Vida del afilador que ya no toca la flauta
Los esmolets sustituyen a la mítica moto con el generador por furgonetas y talleres
Cada vez es más difícil escuchar el sonido inconfundible de la flauta del afilador que, como una especie de flautista de Hamelín, saca de las casas todas las herramientas cortantes. “¡El afiladooooor! -gritan- ¡El afiladooooor!” Y con la ayuda de un generador y una motocicleta que chasquea y expulsa humo negro, hacen rodar la piedra que afila la hoja de los cuchillos. "Aún hay esmolets ambulantes, pero es una especie que está en peligro de extinción", sentencia Juli Casabó, que también se dedica a la profesión.
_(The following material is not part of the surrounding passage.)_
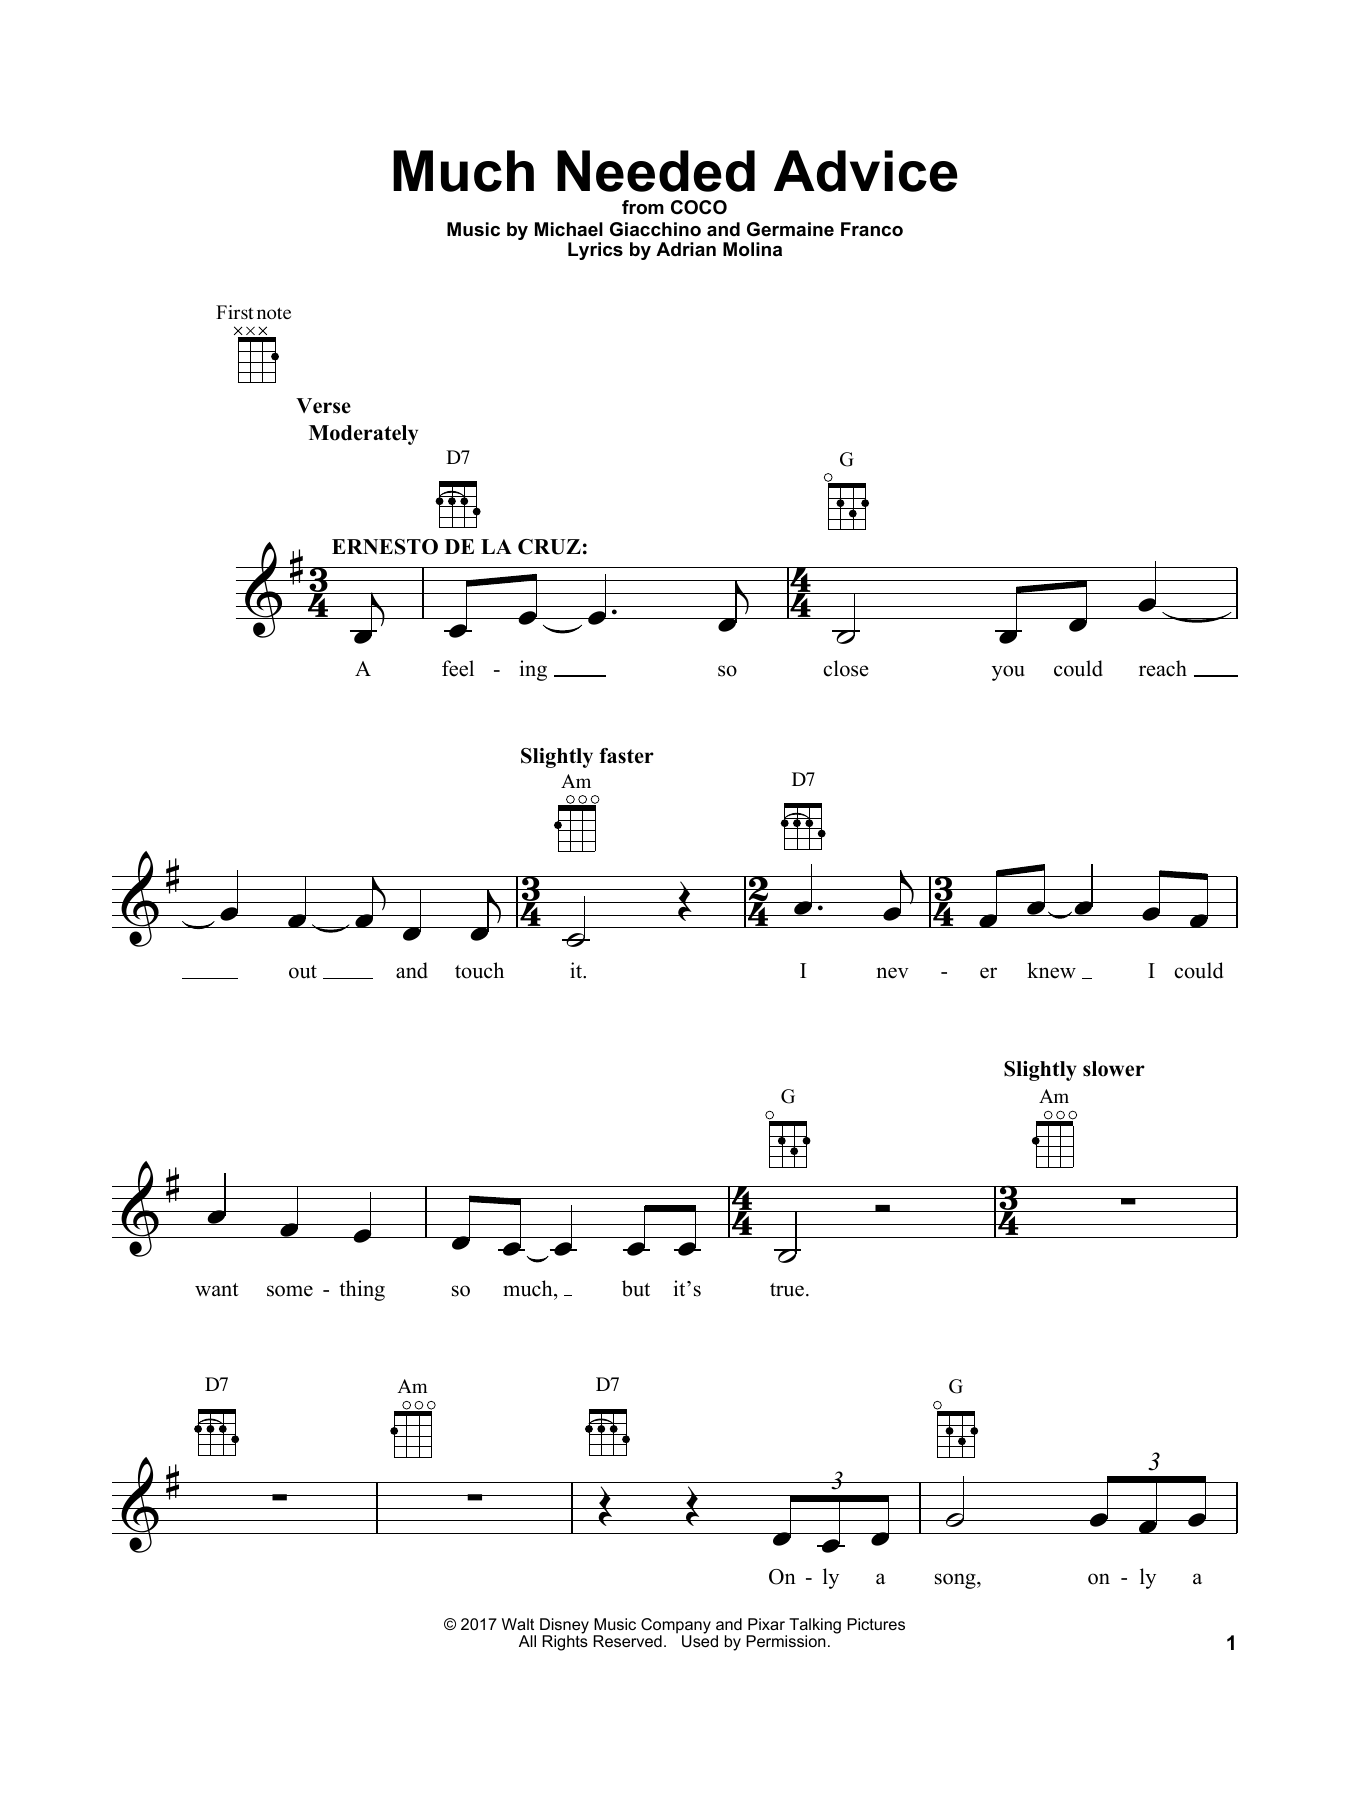 Download Michael Giacchino Much Needed Advice (from Coco) Sheet Music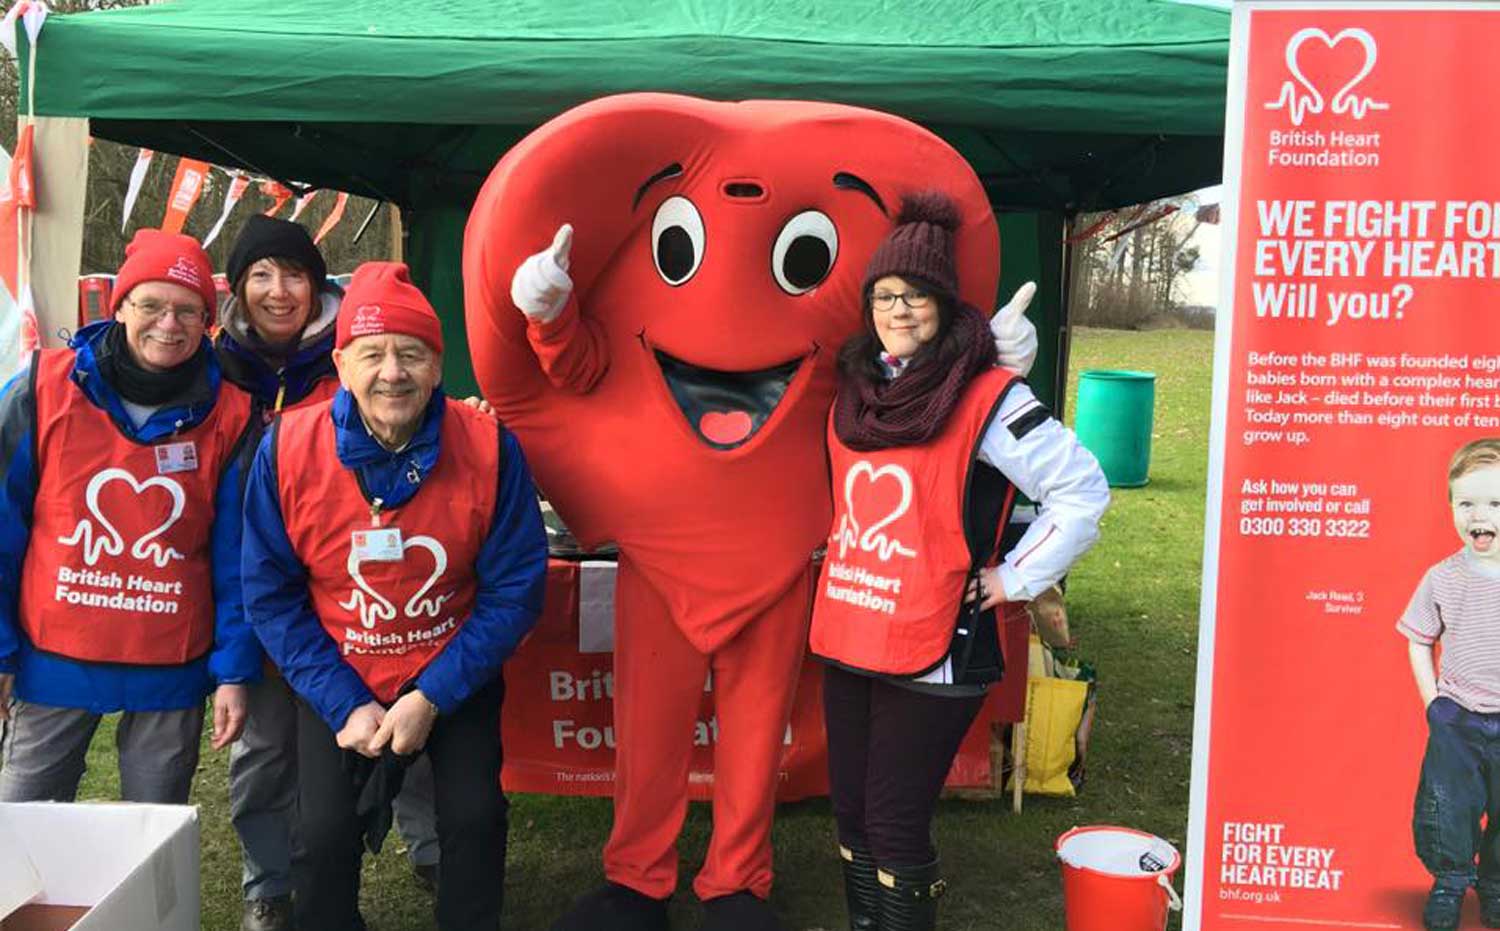 The British Heart Foundation (BHF) is calling on the people of Harrogate to help accelerate the fight against heart disease by joining their local fundraising group and raising money for lifesaving research

Pero los afiladores como Juli, que saben que el futuro de su trabajo pasa por más tecnificación, están muy lejos de desaparecer: “Nuestra profesión es tan antigua como la prostitución, sólo que se ha transformado ”, compara. Los esmolets no tienen ningún gremio ni asociación que los represente y no existen datos del sector. Sin embargo, el ARA ha contactado con diferentes profesionales y casi todos han jubilado la moto -si es que nunca la han tenido-, han invertido en coches o furgonetas bien equipadas y no tocan la flauta para avisar de su llegada. "Mis clientes son fijos y ya saben cada cuándo voy", asegura Josep Martos, que trabaja sobre todo para restaurantes de la zona del Alt Empordà.
Juli es de los que se compraron una furgoneta Volkswagen Transporter de segunda mano por 10.000 euros y la adaptaron para trabajar dentro. Puso un generador de 3.500 euros y dos máquinas de afilar que le costaron otros 5.000 euros. “Un amigo siempre me dice que soy el afilador 2.0”, ríe. Aprendió la profesión en un matadero y empezó a trabajar para sus clientes y de su padre cuando era comerciante y distribuidor de embutidos.
Ahora ya no suele trabajar en la furgoneta -sólo si algunos restaurantes de lujo que tienen mucho volumen de trabajo se lo piden- y hace diferentes rutas por el área de Girona y la Costa Brava para repartir los cuchillos afilados y para recoger los que debe repasar. El ARA le ha acompañado en uno de estos recorridos que suele hacer cada quince días y pasa por diferentes mercados, carnicerías, pescaderías, restaurantes y alguna industria. Los clientes ya le esperan porque están hartos de derribar merluzas o trocear pollos con herramientas que no cortan y, nada más entrar en el mercado, sin gritar ni tocar ninguna flauta, todo el mundo le conoce y saca los cuchillos. “¿Sabes lo que pasa? Que yo saludo a todo el mundo y, si no me vuelven contesta, al día siguiente les vuelvo a saludar”, explica.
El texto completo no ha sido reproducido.